It might have been good to have another version of the Dance of the Gnomes (also called “Ballad”) to set beside those of Geoffrey Simon (Cala) and Edward Downes (Chandos), but for the fact that Eiji Oue’s is duller than both. Part of the problem stems from the dark sonority that he cultivates in his orchestra, which makes it marvelous in Bruckner’s Ninth or Mahler’s Das Lied von der Erde (both for this same label), but lacking in the brilliance that Respighi’s scoring ideally demands. This doesn’t mean that the orchestra can’t play it, of course. It plays very well. But it’s up to the conductor to encourage the band to make the kinds of sounds the music requires.
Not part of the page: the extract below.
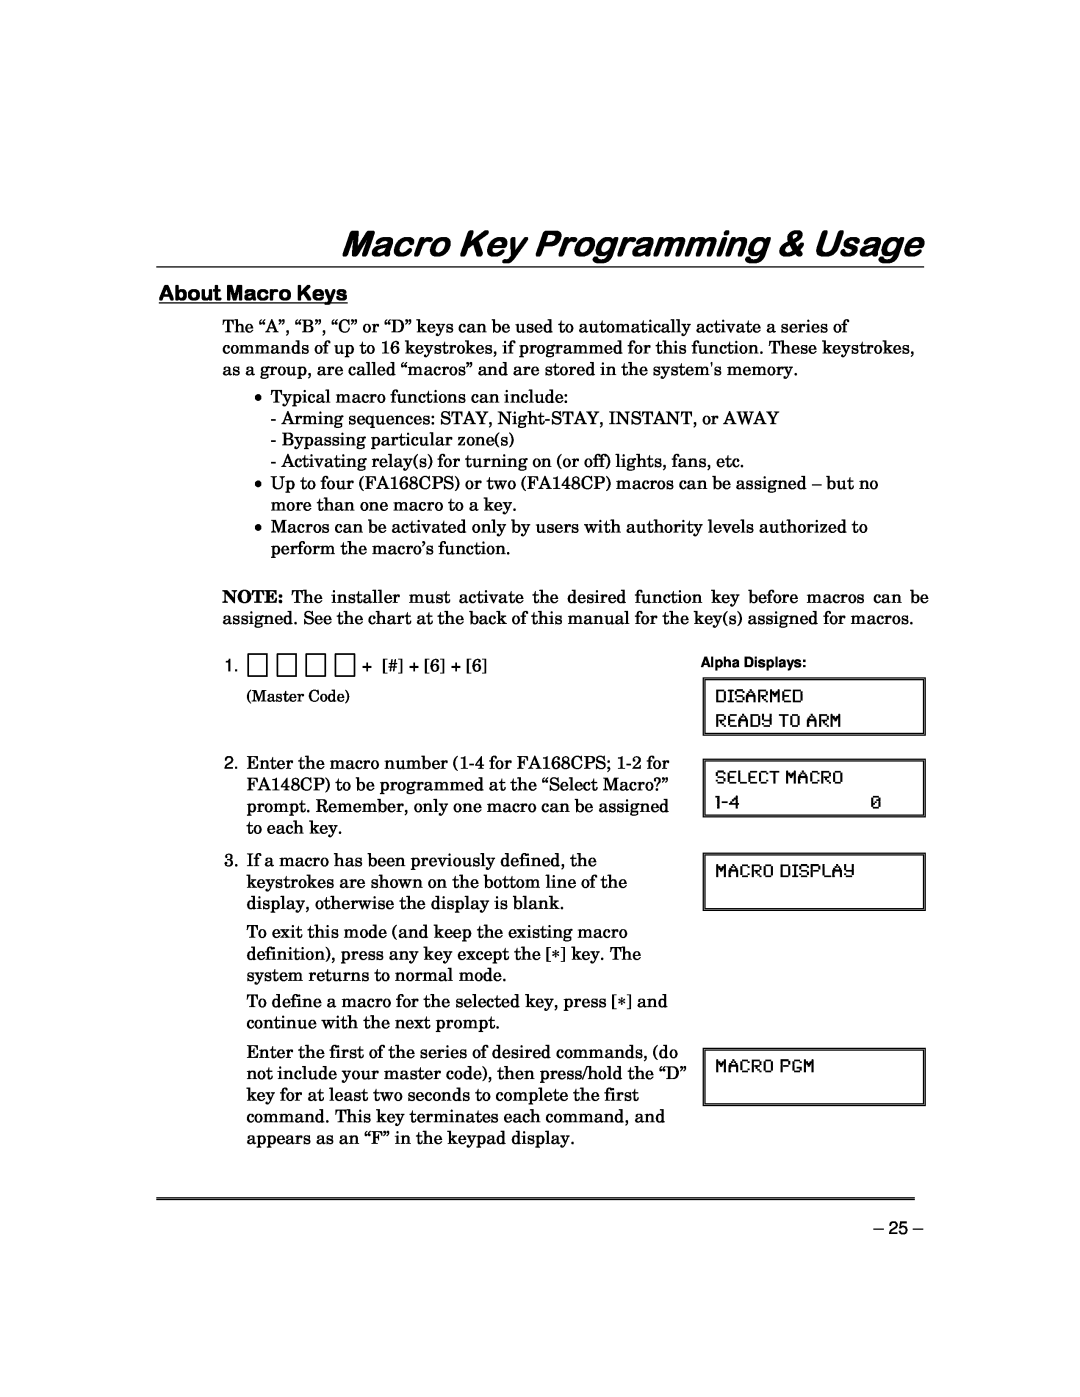 Garmin FA168CPS manual Macro Key Programming & Usage, About Macro Keys, Disarmed Ready To Arm Select Macro

And so Belkis, Queen of Sheba lacks energy in its final Orgiastic Dance and could use more guts in the War Dance. Oue also plays the movements of this suite in Respighi’s published order, a mistake in that it front-loads all of the slow, quiet music.
The Pines of Rome similarly suffers from a lack of excitement: the opening theme is cautiously played and poorly articulated, and the second movement is simply too slow with amorphous lower strings and percussion. In his recent review of DePriest’s new recording for Delos, my colleague Victor Carr asked a pertinent question: If you’re not going to go for broke in the finale, why bother? Why doesn’t Oue insist that the percussion cut through the welter of sound at the final climax? It’s that march-ostinato on timpani and bass drum and those powerful crashes from cymbals and tam-tam that must be clearly heard as the music grows increasingly powerful, and not the throbbing bass of the organ pedals (as here).
If Reiner’s classic RCA recording can accomplish this, or Kempe’s (on Chesky), or Bernstein’s (Sony), or hell, even Toscanini’s mono version (RCA again), then why can’t Telarc, Delos, or Reference Recordings get it right in their recent releases? Ultimately, it’s the conductor’s job to see that the technology serves the music, and in this sleepy performance Oue just doesn’t seem to be terribly interested. And however “audiophile” the sound as such, it simply doesn’t support or clarify Respighi’s musical vision as it should. For a truly spectacular recording that does just that, turn to Eduardo Mata’s fabulous (and hugely underrated) performance with the Dallas Symphony on Dorian. You won’t believe the difference.